People in Thailand are accustomed to sudden changes of government brought on by military coups, numbering more than a dozen since the 1930s. But in the past two decades, they have increasingly seen such changes imposed by the courts, which have ousted four prime ministers and dissolved three election-winning political parties, often on narrow technical grounds.
Now anger – along with a sense of resignation – is brewing over the perceived heavy-handed involvement of Thailand’s nine-member Constitutional Court in the country’s fractious politics.
The court’s presence in political life has become so significant that experts say it has replaced King Bhumibol Adulyade – who died in 2016 – as the ultimate political arbiter in Thailand.
Anger flared on 7 August when the court dissolved the reformist Move Forward party (MFP), which won the most parliamentary seats in the 2023 election but was blocked from taking power, and whose progressive leader, Pita Limjaroenrat, has been banned from running for office for 10 years.
A week later, the court removed prime minister Srettha Thavisin for an alleged ethical violation regarding the appointment of a cabinet member. He has been replaced by Paetongtarn Shinawatra, the youngest prime minister in Thai history and a member of the prominent Shinawatra political family.
On Tuesday, Pita said that despite his ban and the break-up of Move Forward, his resolve to one day lead Thailand and enact major reforms was unbroken.
“We confuse movement with progress,” he told Reuters. “It’s almost like we’re going around in circles and we’re thinking we’re going somewhere, but actually we’re going nowhere.”
He told the news agency that elected politicians needed to reform institutions such as the courts to guarantee their independence and accountability to the public.
Mookdapa Yangyuenpradorn, human rights associate at Fortify Rights, worries that these actions – part of what she characterises as a decade-long trend of judicial overreach – will breed cynicism and discourage Thais from engaging with politics.
“There’s a feeling of hopelessness and numbness that drives people further away from involvement in politics and drives away trust in a functional democratic society,” she says.
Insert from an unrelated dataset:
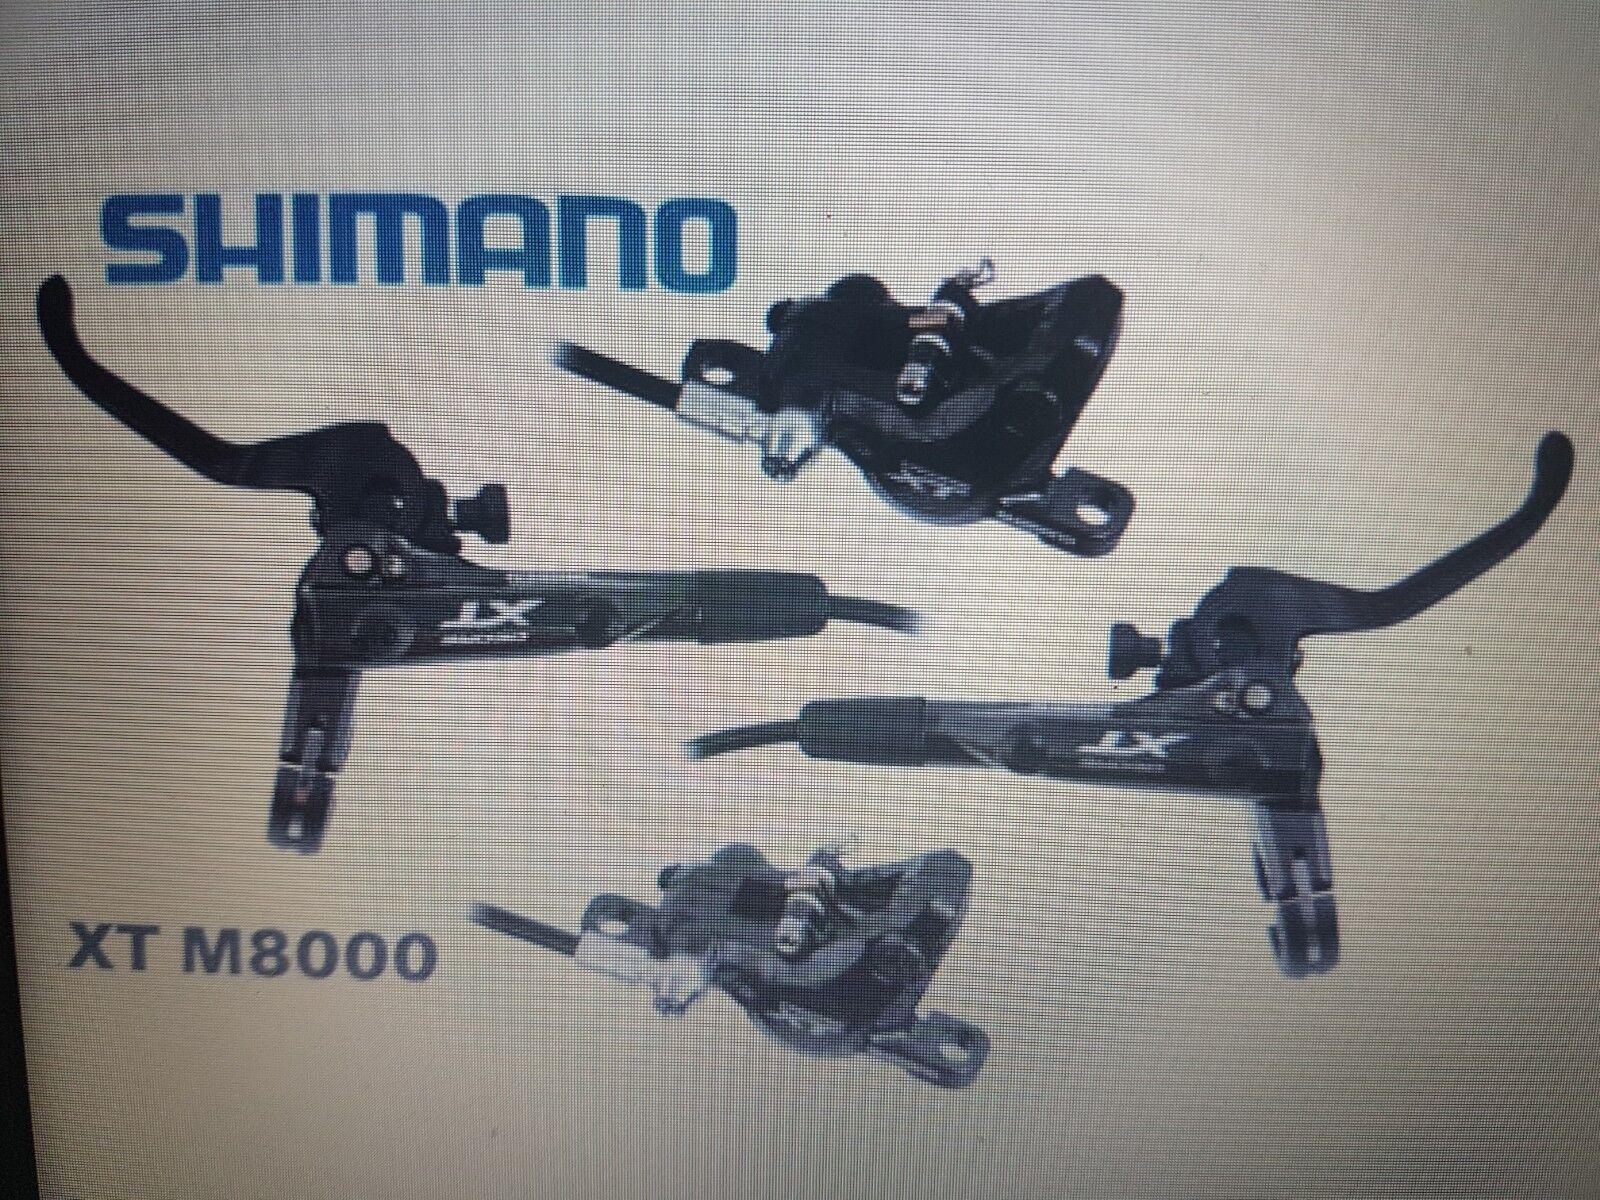 Coppia kit freni shimano xt br m8000 set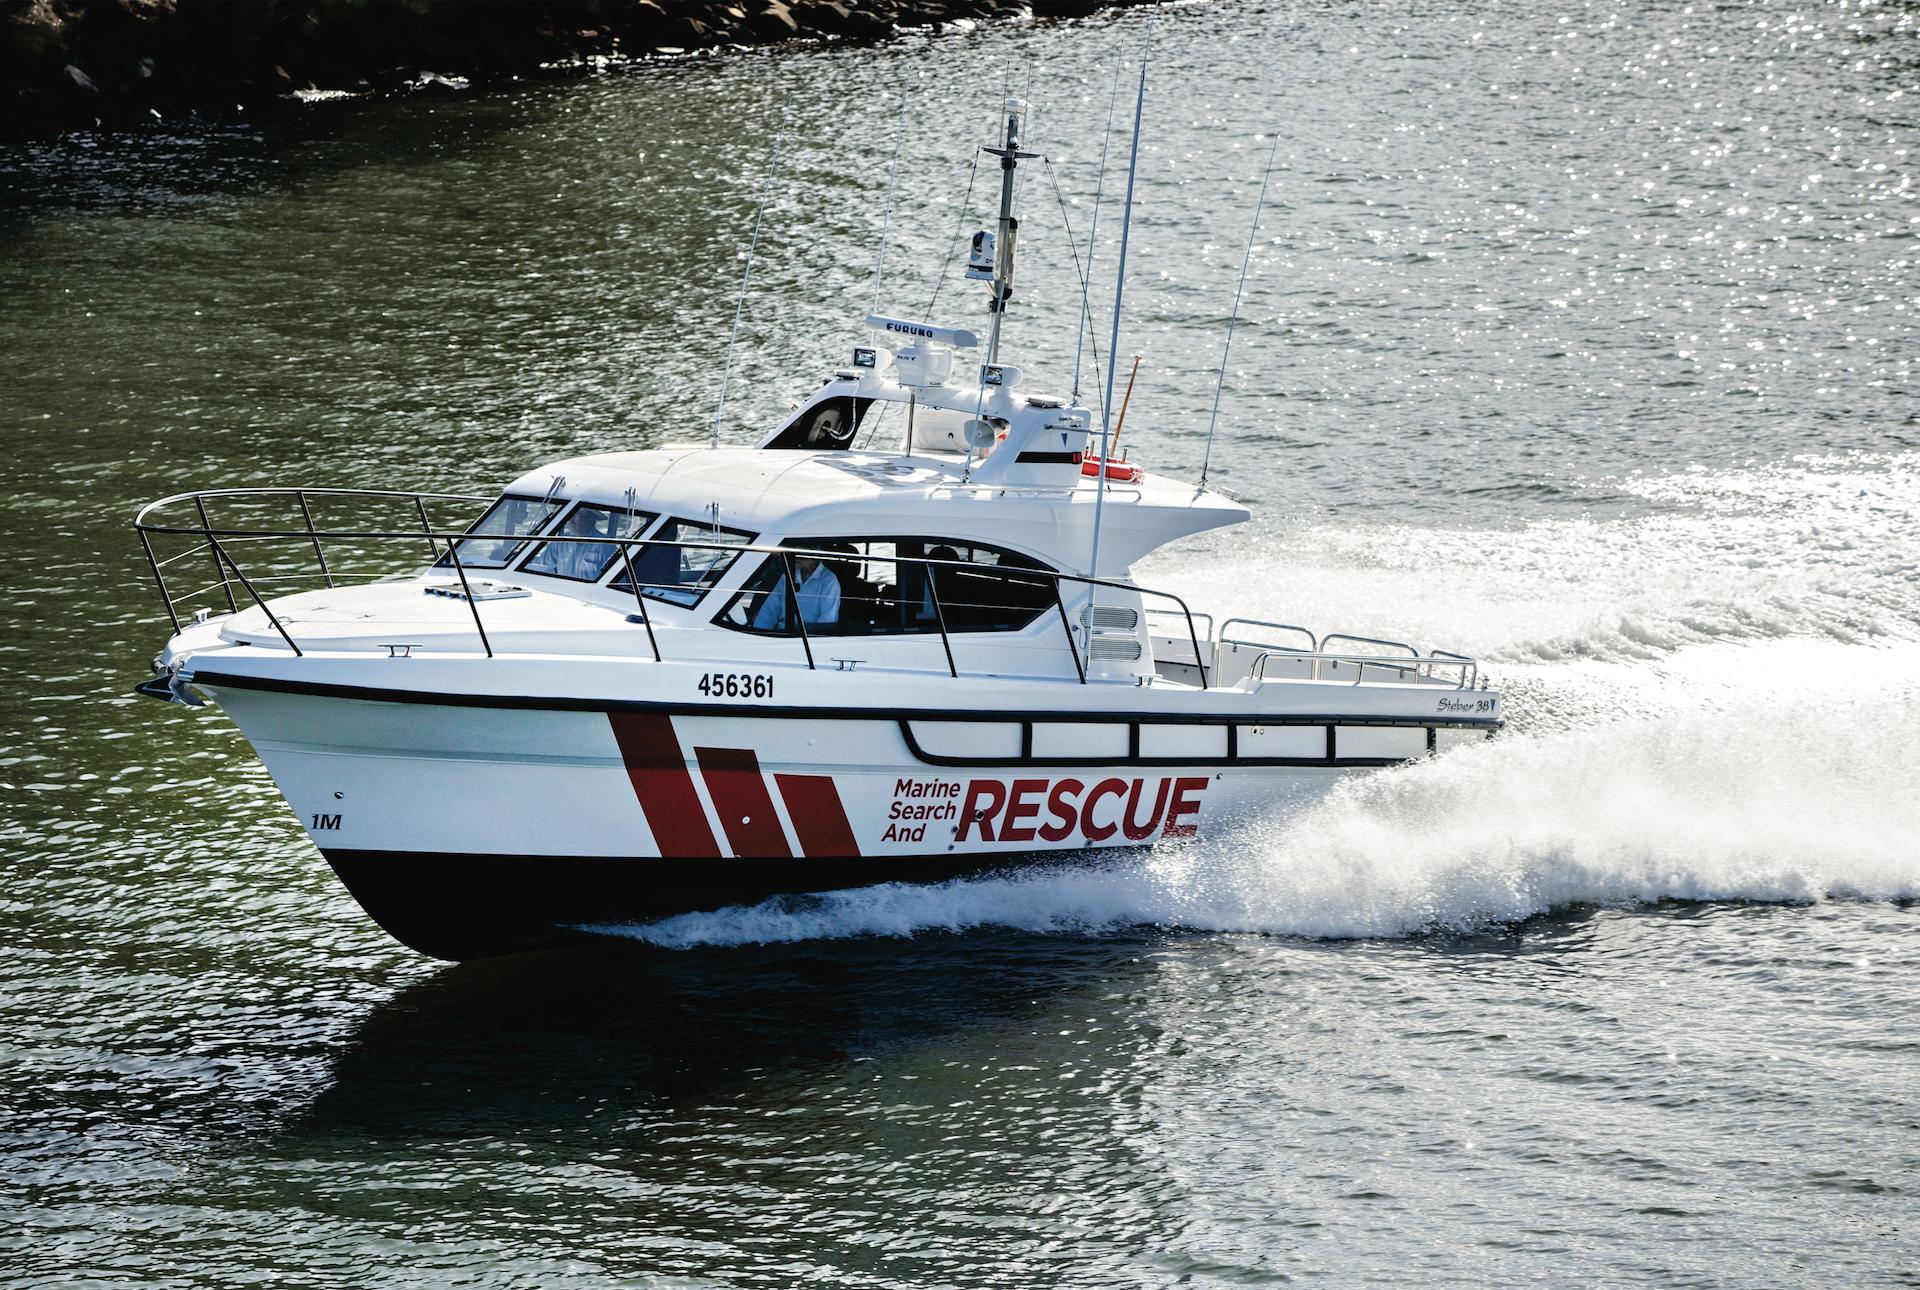 Steber 38ft Marine Search and Rescue - Port Fairy Victoria

Pavin Chachavalpongpun, a professor at Kyoto University’s centre for south-east Asian studies, said he believed people have been left with less respect for – and confidence in – the judicial system, while the court’s involvement in politics poses an existential threat.
“In any other country when you talk about the collapse of key institutions, one may collapse but the country survives, like France with the monarchy,” he says. “But in a country where the justice system collapses, it can’t survive, and that’s what I fear with Thailand. I think the judiciary is on the brink of collapse because of its politicisation.”
Yangyuenpradorn and Chachavalpongpun are far from alone in their concerns.
On Monday, 134 Thai academics and legal scholars issued a statement condemning the court’s recent decisions.
They argued that the constitutional court had overstepped its jurisdiction in an approach that “conflicts with the principle that laws restricting individual rights should be interpreted narrowly and with great caution”.
The court has not publicly responded to the recent criticisms against it.
Reform of the political system, including the judiciary, was a key policy of Pita’s now defunct party. Yangyuenpradorn hopes the People’s party – the party that the remaining Move Forward MPs have regrouped under – will preserve it as a policy.
Democracy will be unable to truly take root in Thailand until a consensus is reached on the courts’ overreach, political science researcher Napon Jatusripitak says.
“In what kind of democracy is a court … given the power to disfranchise 14 million voters by dissolving their chosen party and unseat a democratically elected prime minister, all within one week?”